━━ DATA BLOCK ━━
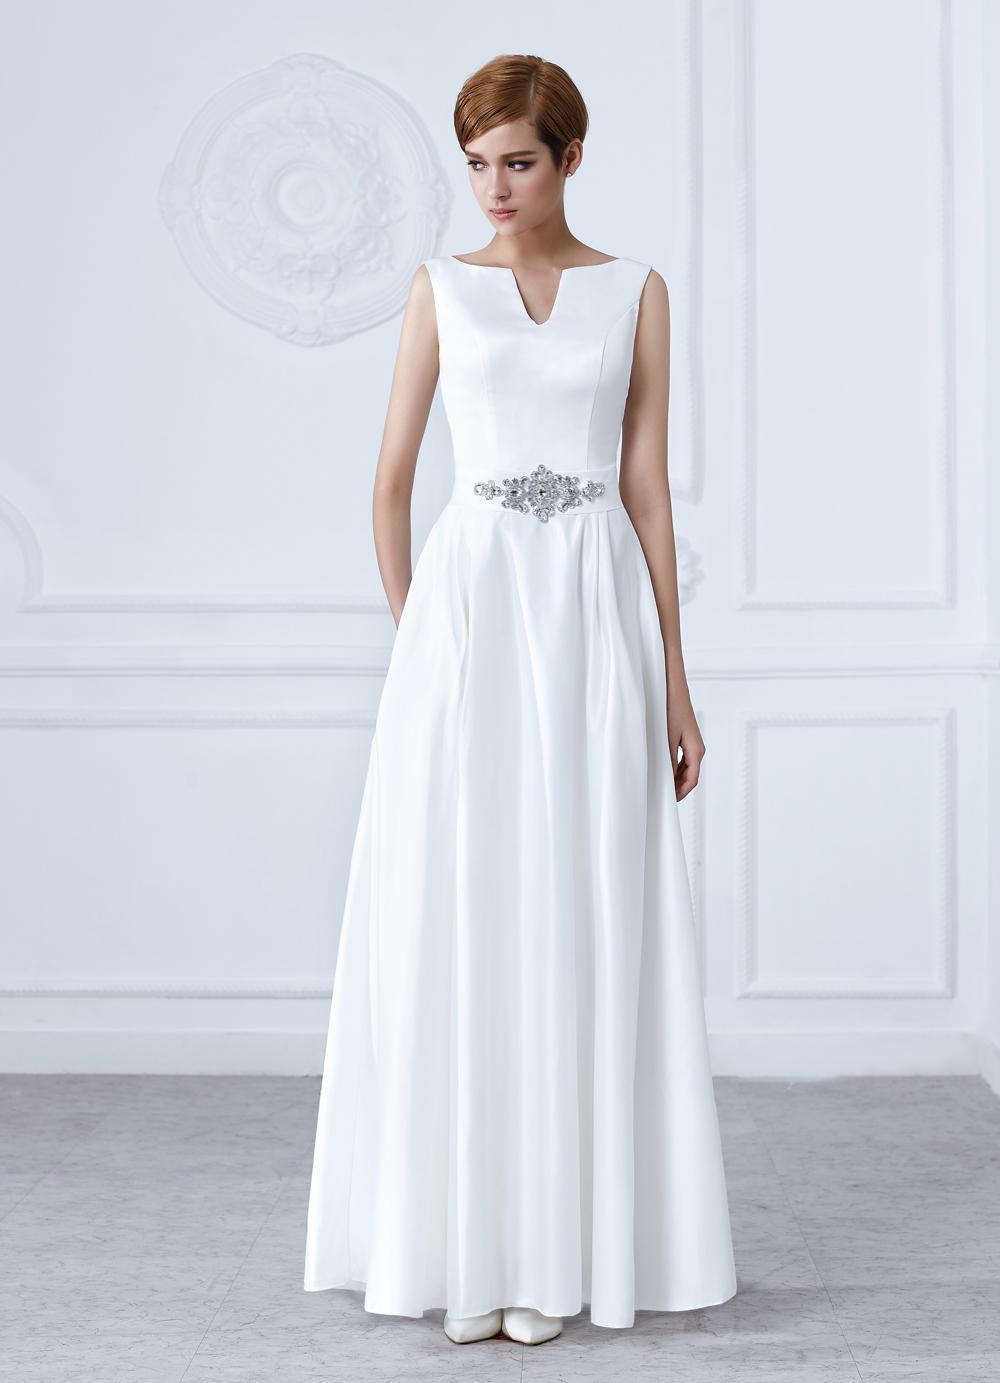 bc9c18e83 Dlhé svadobné šaty - 8 veľkostí - rôzne farby, 38 - 120 € | Svadobné shopy  | Mojasvadba.sk
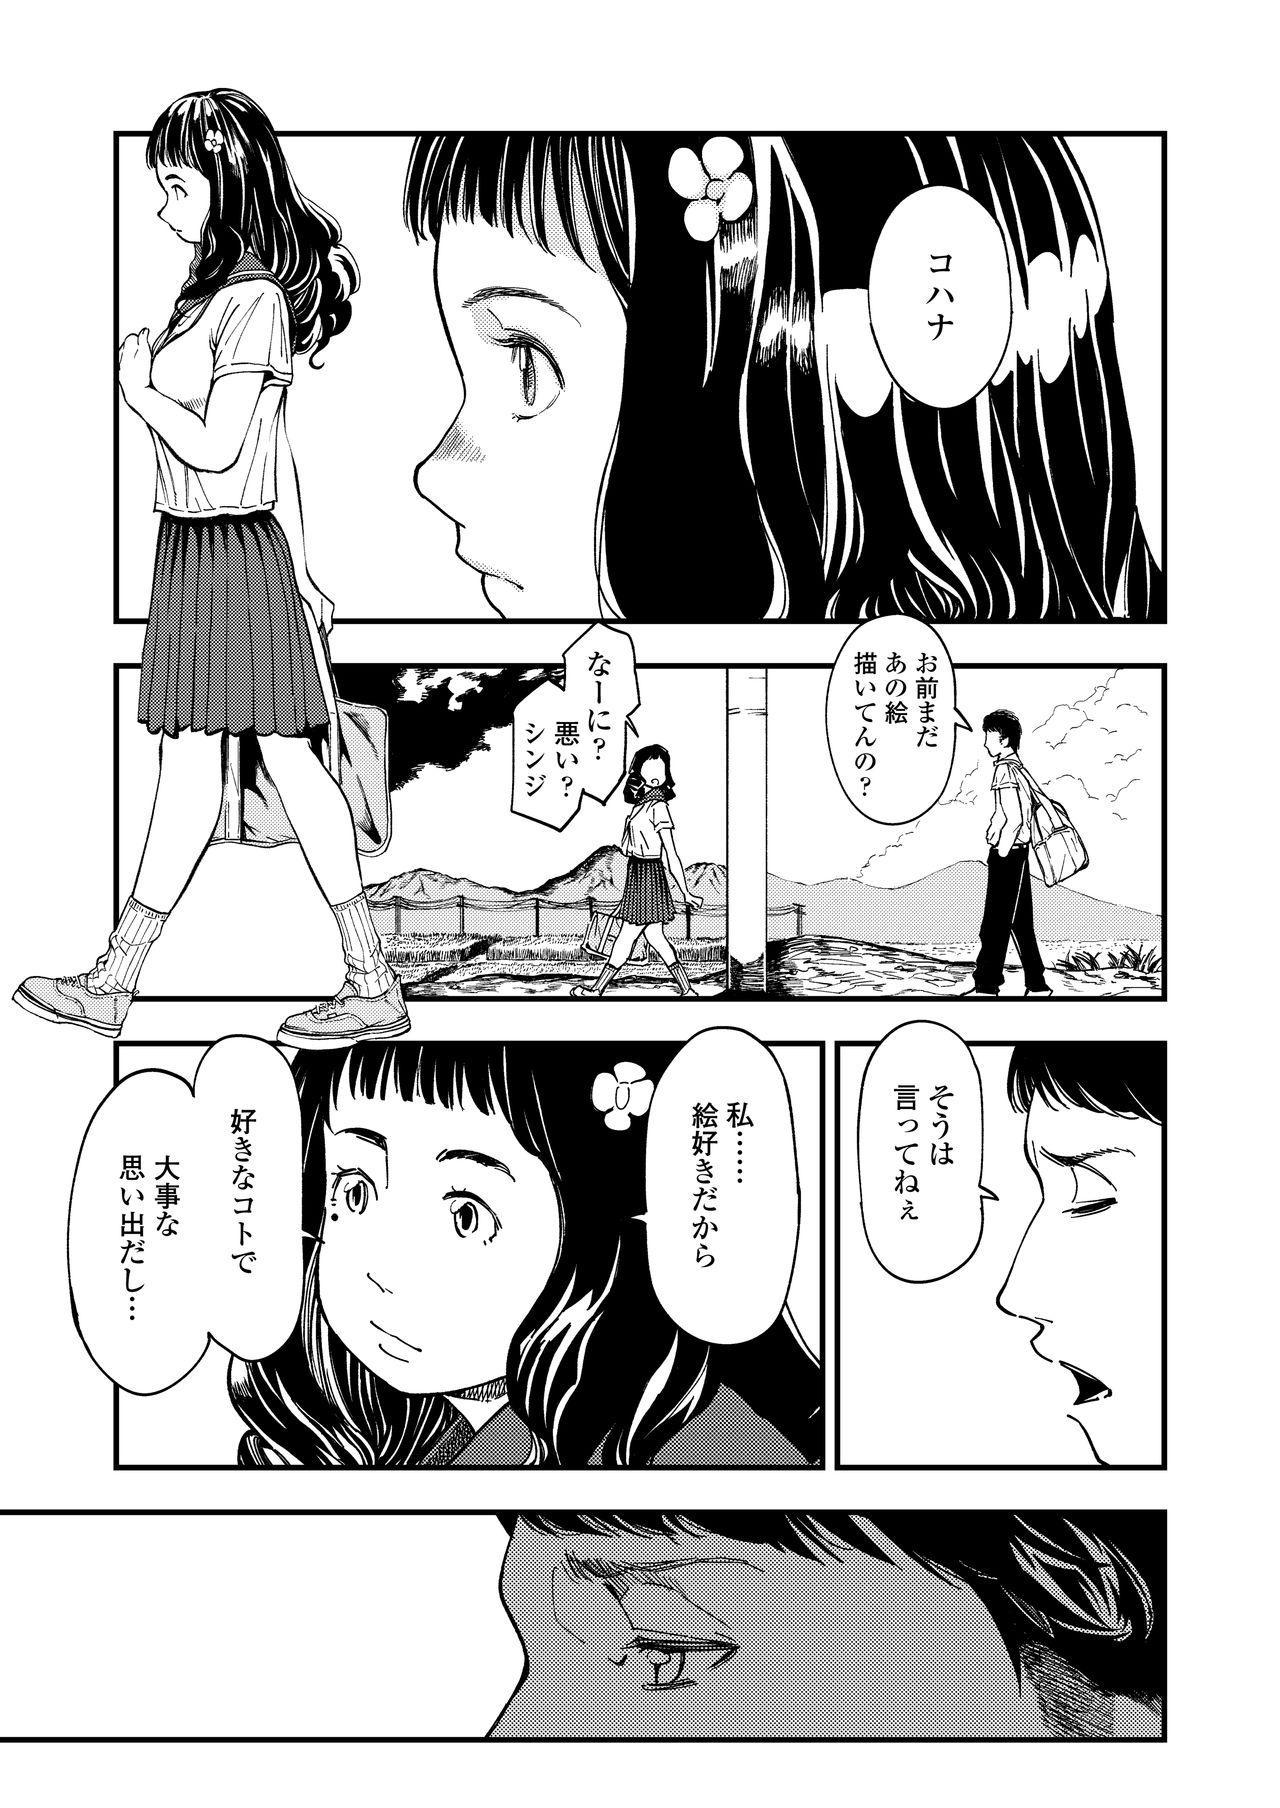 COMIC AOHA 2021 Natsu 288
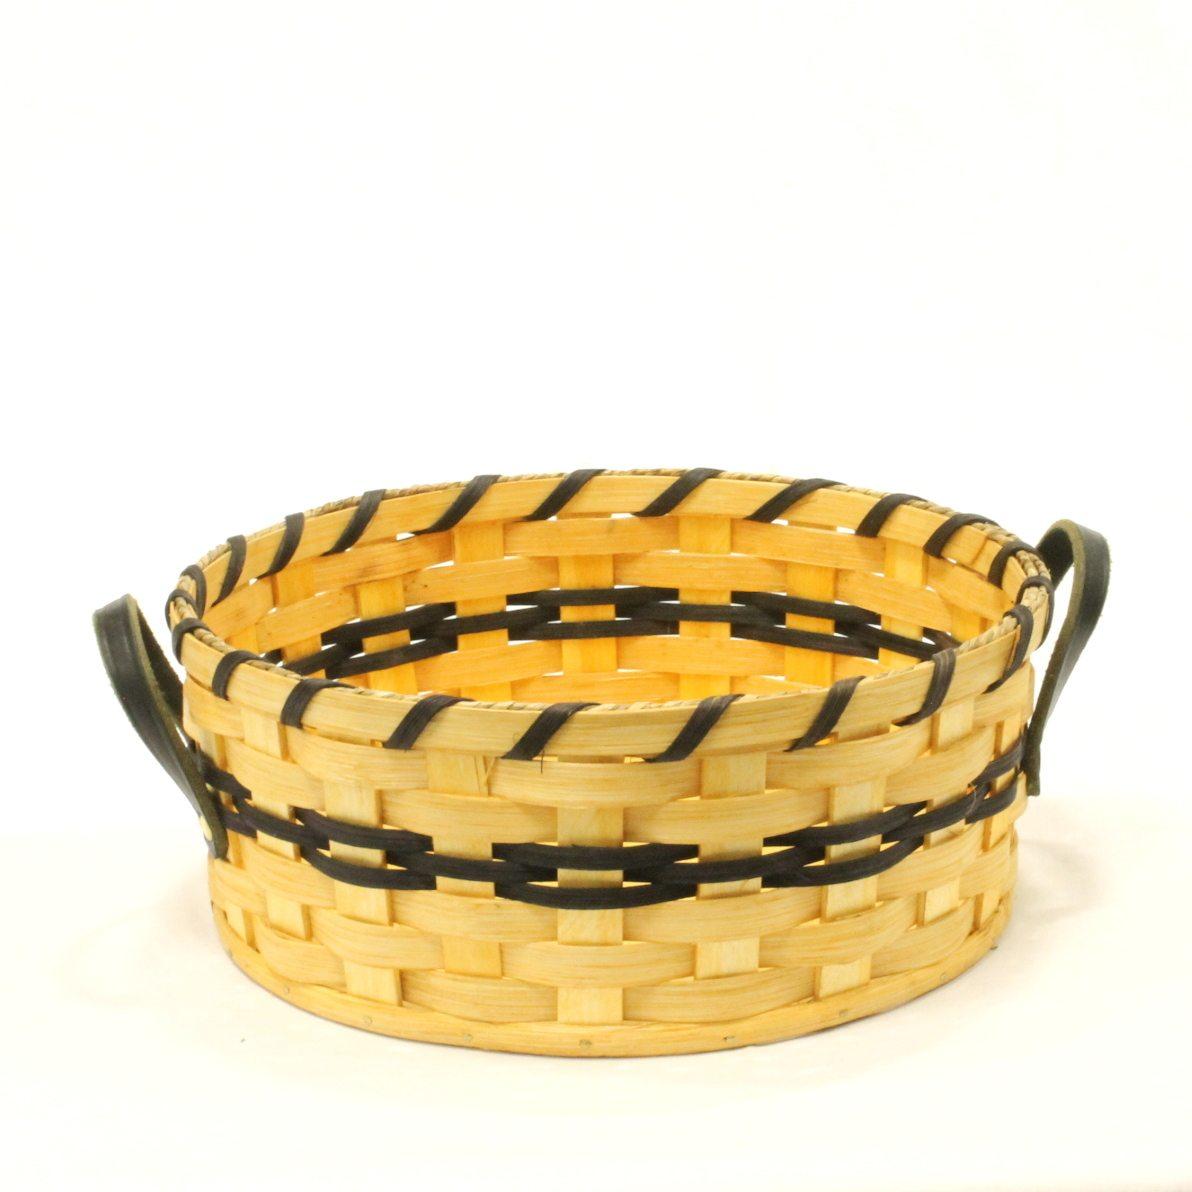 Bun Basket- Large Bun Basket - Leather handled basket
━━━
## [WHAT YOU ARE ASKED TO DO]
Write out the data word for word, with every picture dropped.

## [TASK ANSWER]
 bc9c18e83 Dlhé svadobné šaty - 8 veľkostí - rôzne farby, 38 - 120 € | Svadobné shopy  | Mojasvadba.sk
 COMIC AOHA 2021 Natsu 288
 Bun Basket- Large Bun Basket - Leather handled basket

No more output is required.